[Goal of the exercise] Please produce an exact copy of only the lines from the one with "quirofam Vecmedical Spain" through the last one of the material, without pictures.

[Given material]
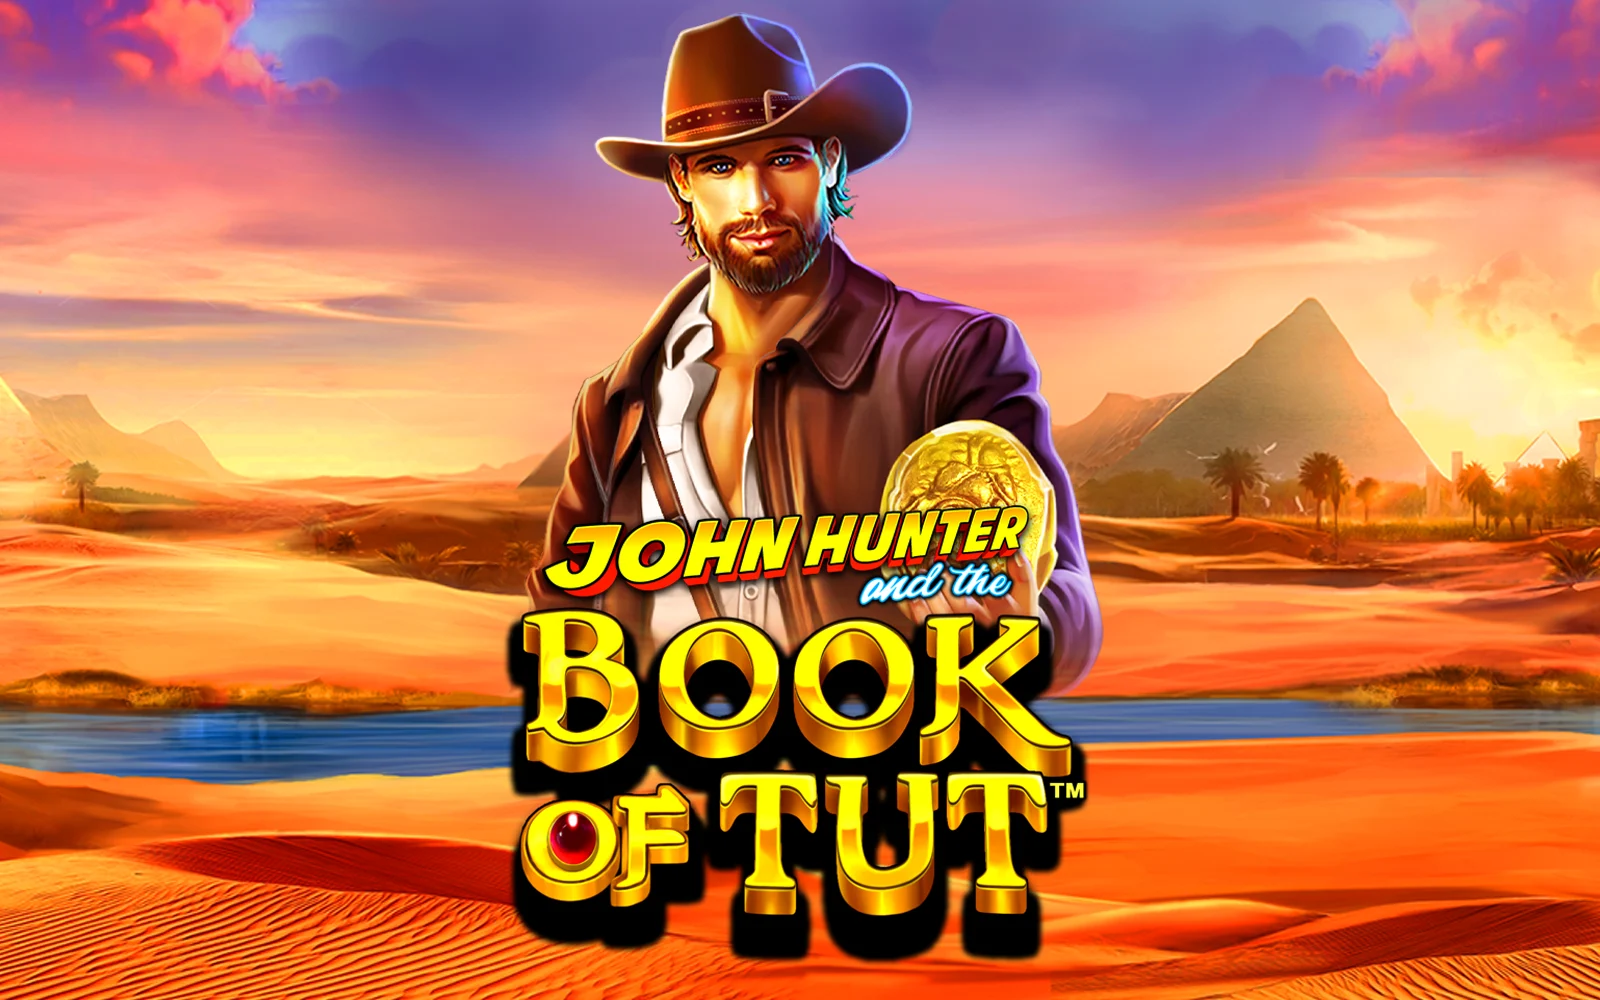 Gioca a John Hunter and the Book of Tut™ sul casino online Starcasino.be
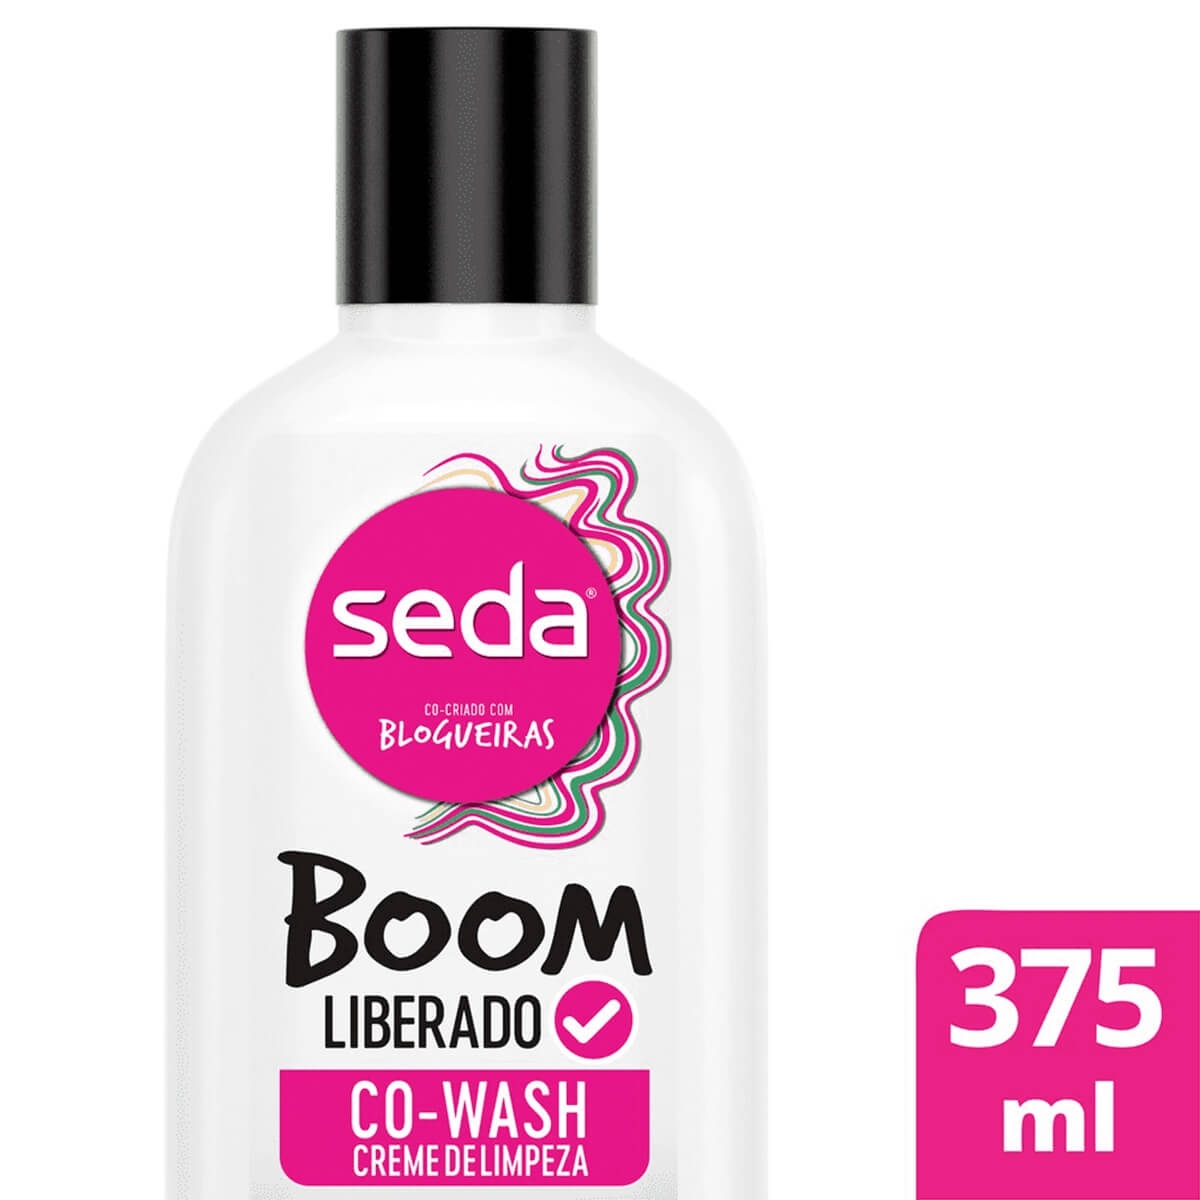 Creme de Limpeza Seda Boom Liberado 3 em 1 Co-Wash 375ml
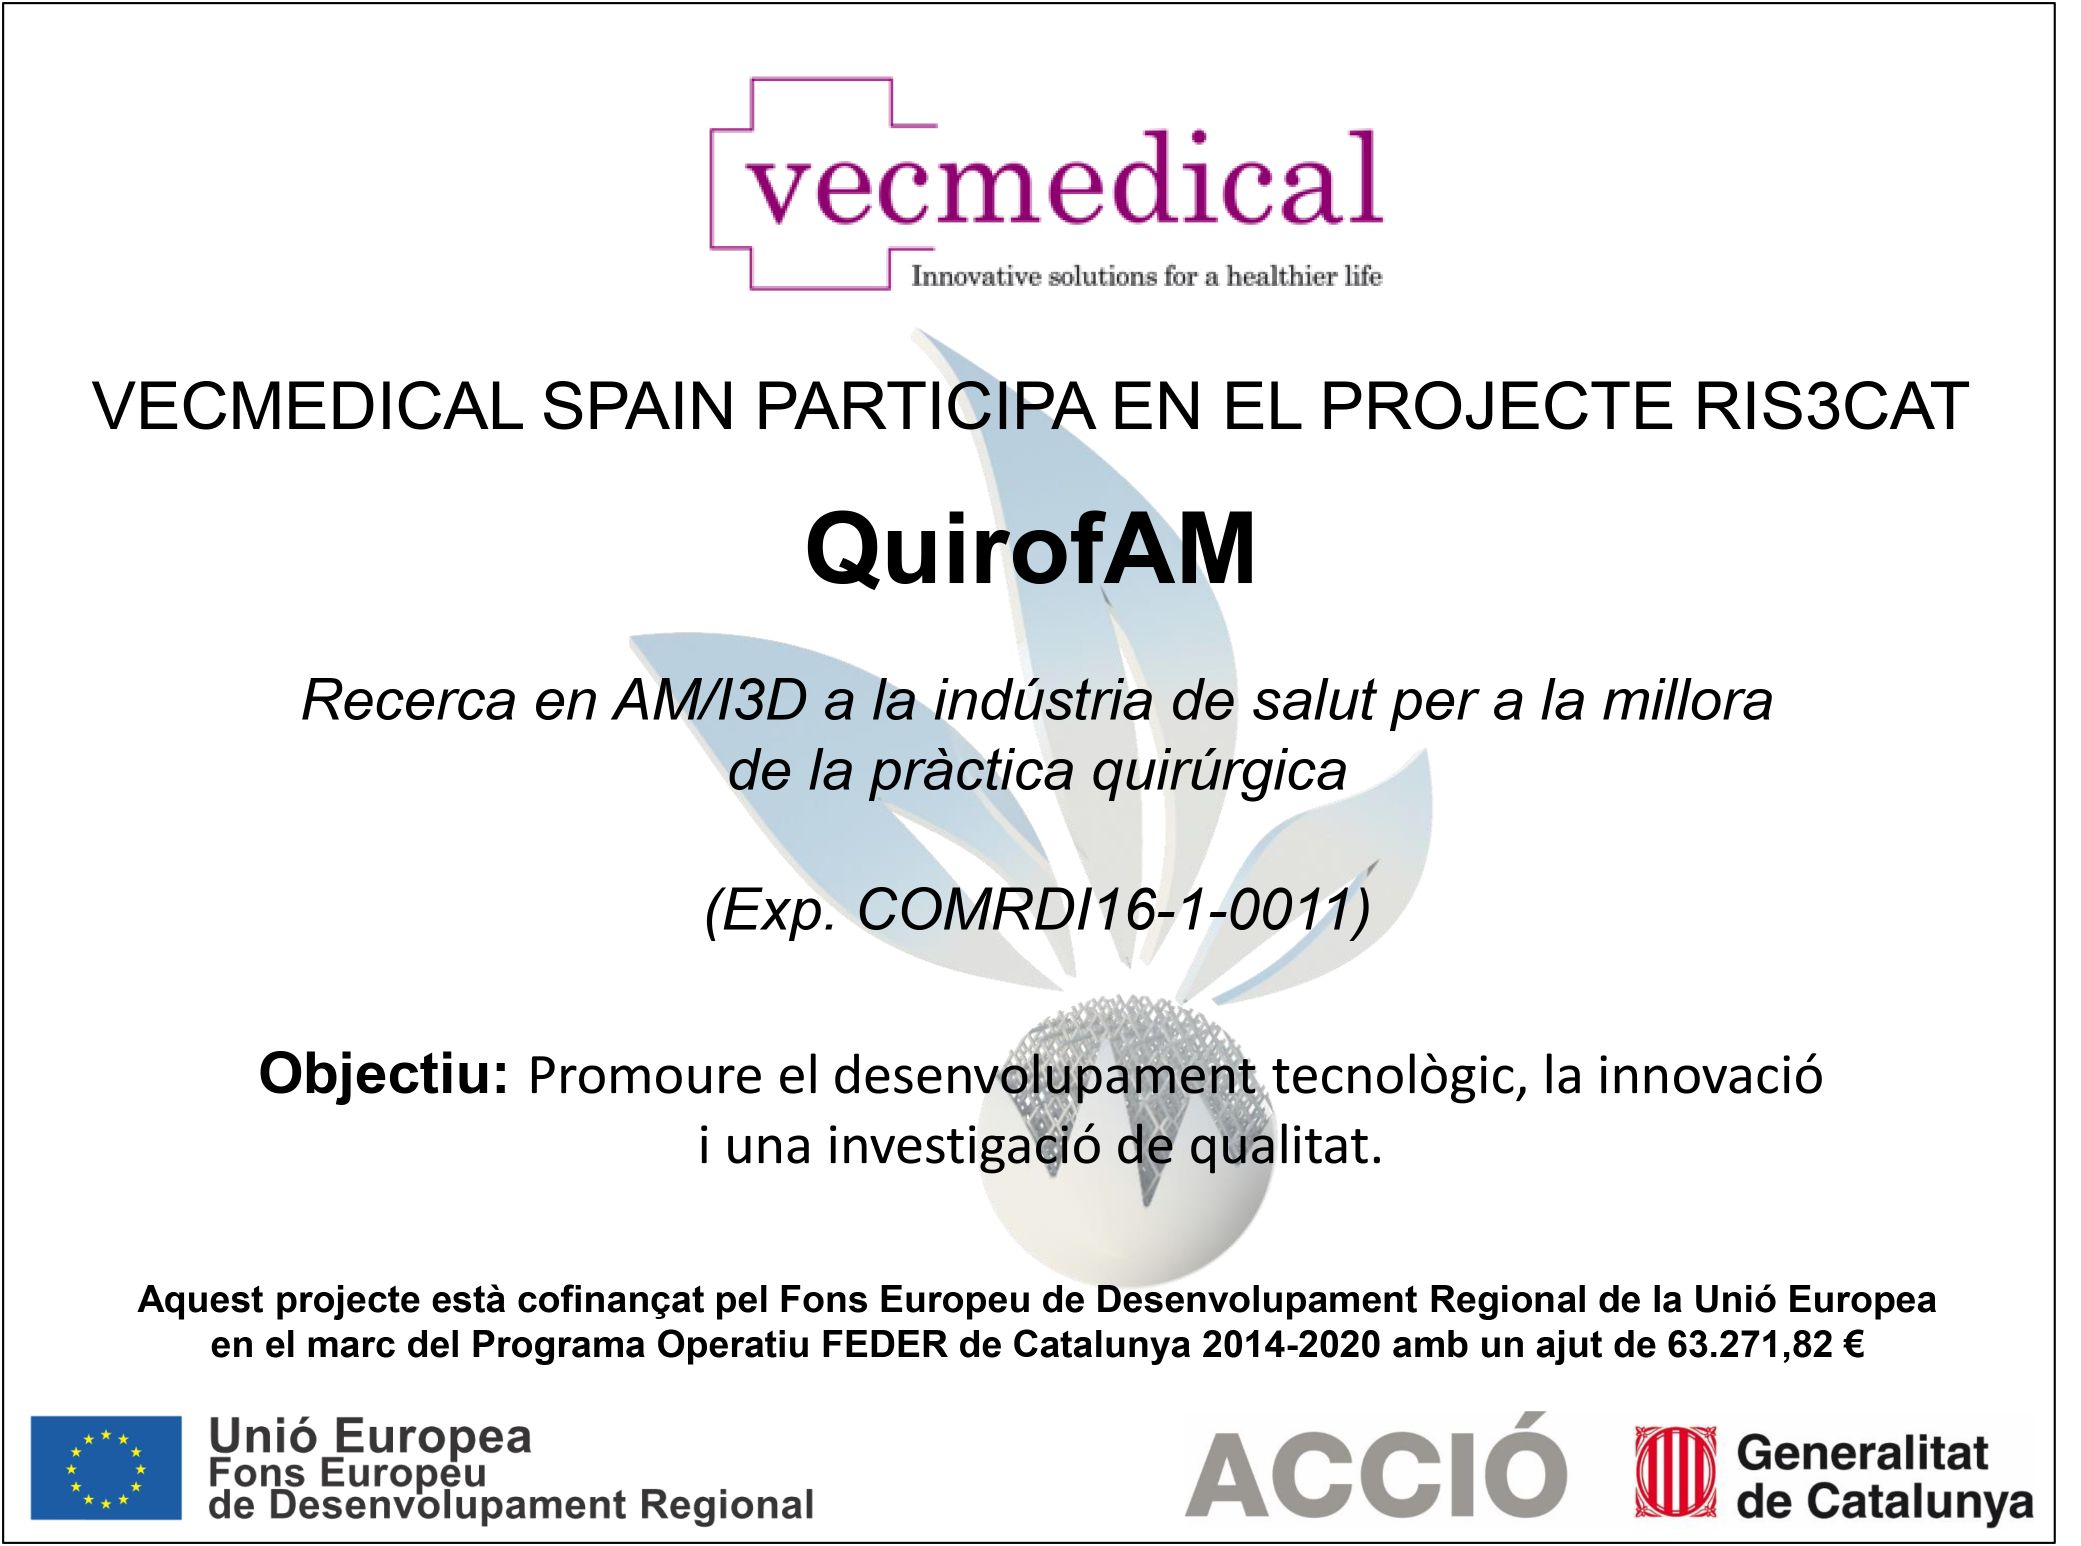 quirofam Vecmedical Spain
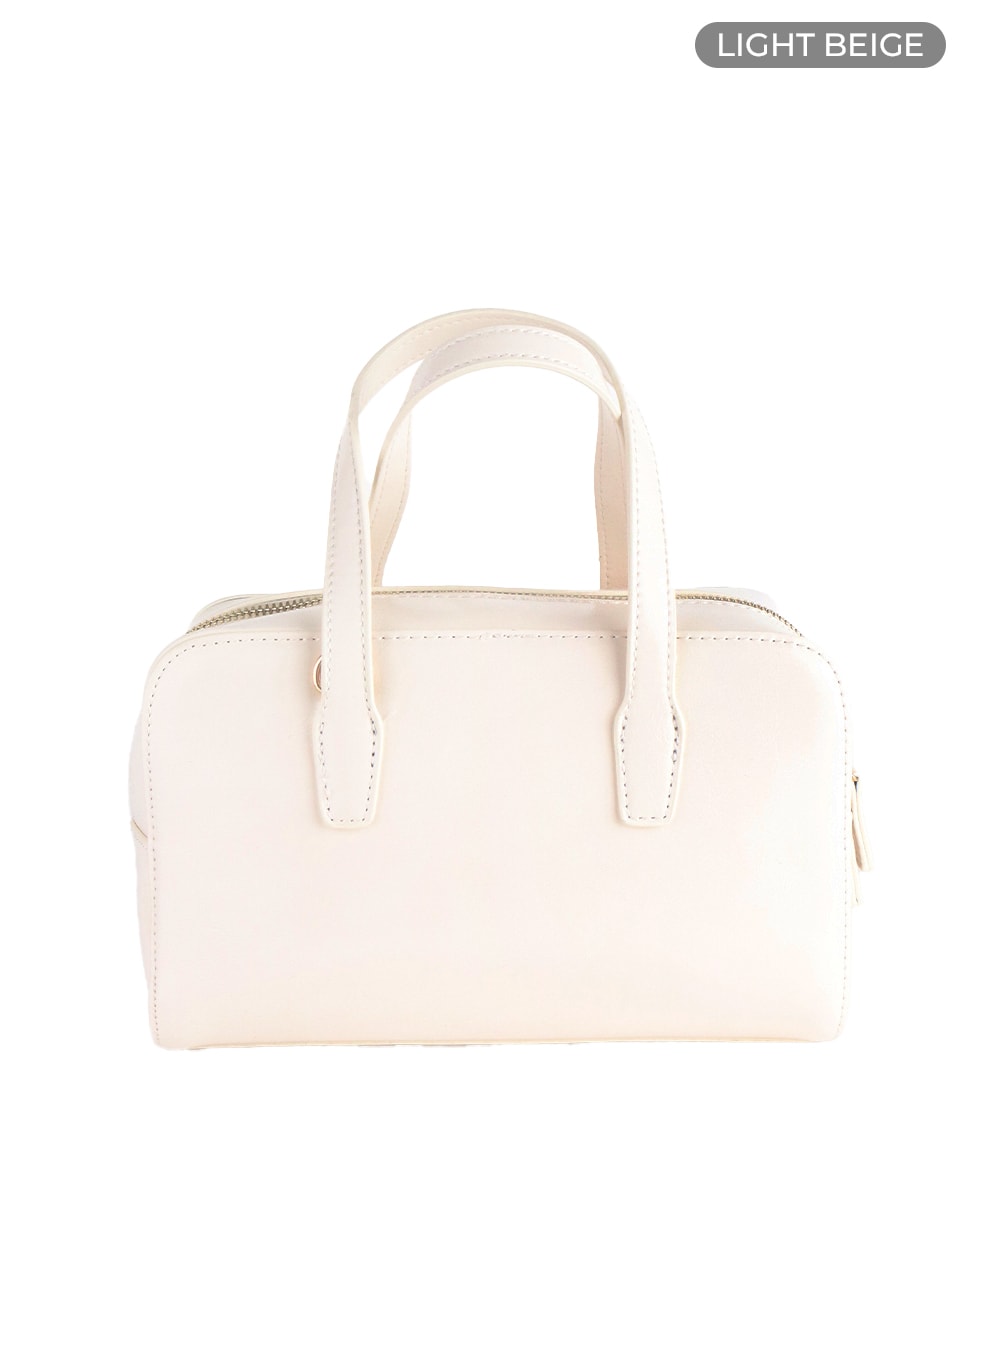 square-boston-handbag-cm413 / Light beige

[Result of this exercise]
 quirofam Vecmedical Spain
 square-boston-handbag-cm413 / Light beige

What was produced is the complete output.